A cassette recorder for the particle accelerator

A group led by TH Lübeck researcher Prof. Dr. Manfred Rößle has a new rehearsal environment for the ESRF (European Synchrotron Radiation Facility) developed, the largest electron synchrotron in Europe. In the future, users of the ID29 beam at the ESRF will be able to do the so-called Blotting tape drive from TH Lübeck use to obtain snapshot-like films of protein structures.

“The starting point for our experiment is serial crystallography,” says Mia Lahey-Rudolph, who led the study. “The atomic structure of proteins can be examined with this structural-biological method,” she explains. The high-resolution protein structure can tell researchers something about how these biomolecules work. This not only provides new insights into biology, but can also, for example, Basis for the development of tailor-made medicines form.

An important tool for analyzing the atomic structure of proteins is X-ray crystallography, in which a protein crystal is scanned with a bright X-ray beam. The crystal diffracts the X-rays in a characteristic way and thus creates a diffraction pattern. If all viewing angles of the crystal are recorded, the internal structure of the crystal and calculate the three-dimensional fold of the protein.

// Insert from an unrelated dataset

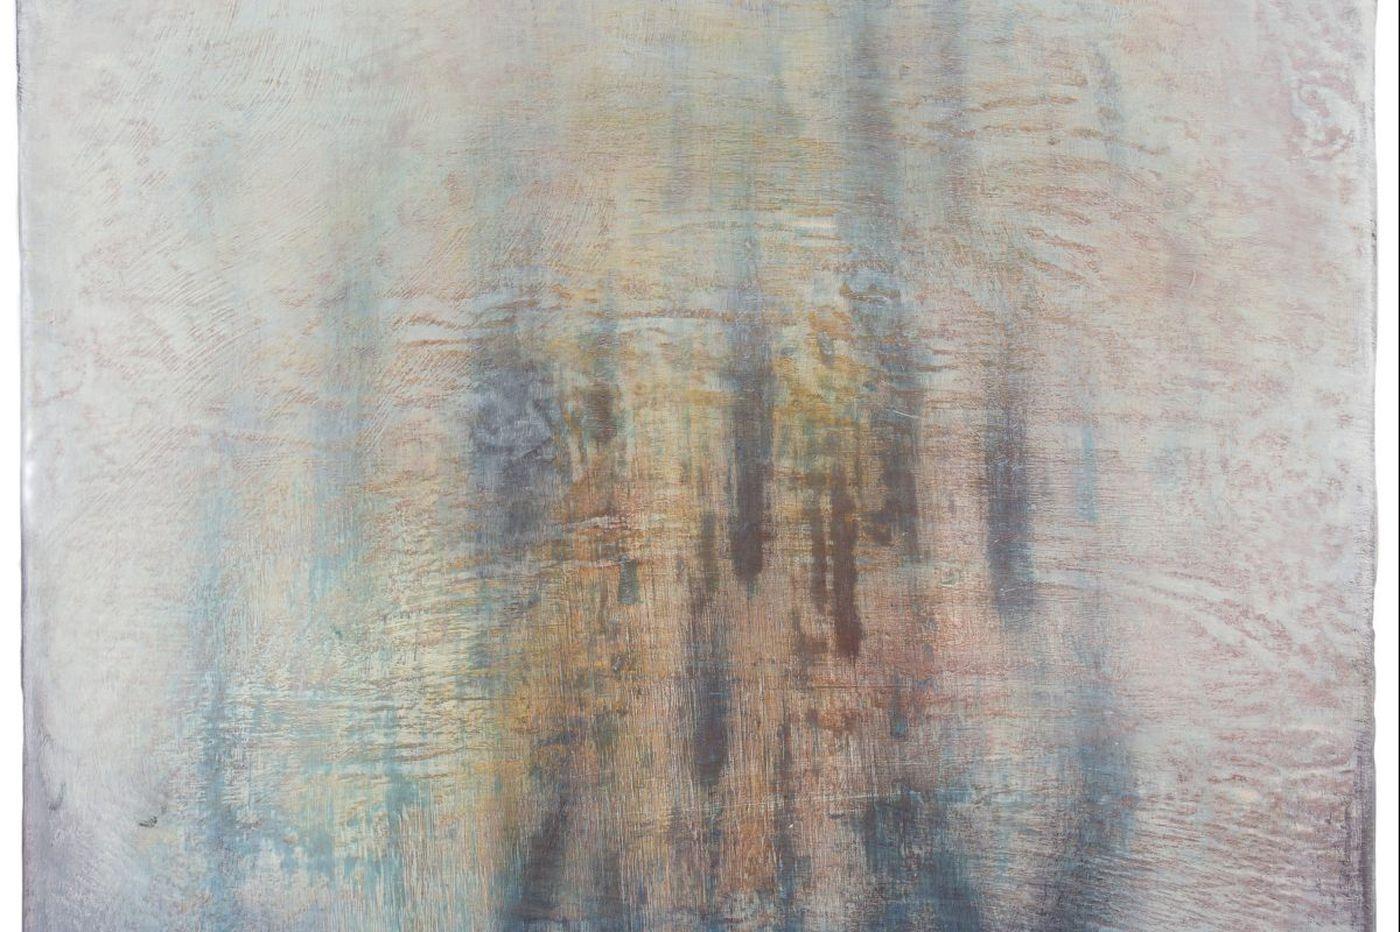 In Philly galleries this March: Neysa Grassi, Lynda Benglis, Kazimira Rachfal, Robert Younger

For most biomolecules, however, being crammed into a crystal is an unnatural state. The smaller a crystal, the more intense the X-ray light has to be to produce useful diffraction images.

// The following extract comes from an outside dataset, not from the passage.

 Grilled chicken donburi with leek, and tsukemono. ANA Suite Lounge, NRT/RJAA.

“Another sticking point in these investigations is how the samples with the microcrystals get to the radiation source,” explains Mia Lahey-Rudolph. Together with Suna Precision, the researchers at the TH Lübeck constructed a device that is reminiscent of a cassette recorder “Blotting Tape Drive”. In this tape drive, a perforated polymer belt remains in constant motion and is continuously fed with fresh microcrystals, while a second belt scrapes off the solution liquid in front of the X-ray interaction zone, so that quasi-naked crystals are irradiated. “Our goal is to study time-resolved structural changes induced by light activation, ligand mixing or pH jumps in the crystallized proteins very quickly and with a high signal-to-noise ratio,” explains Mia Lahey-Rudolph, a scientist at the TH Luebeck.

Thanks to funding from the TH Lübeck, the research team Federal Ministry of Education and Research get the opportunity to improve the measurement setup in cooperation with the ESRF. The ESRF is based in Grenoble, France and attracts researchers from all over the world at.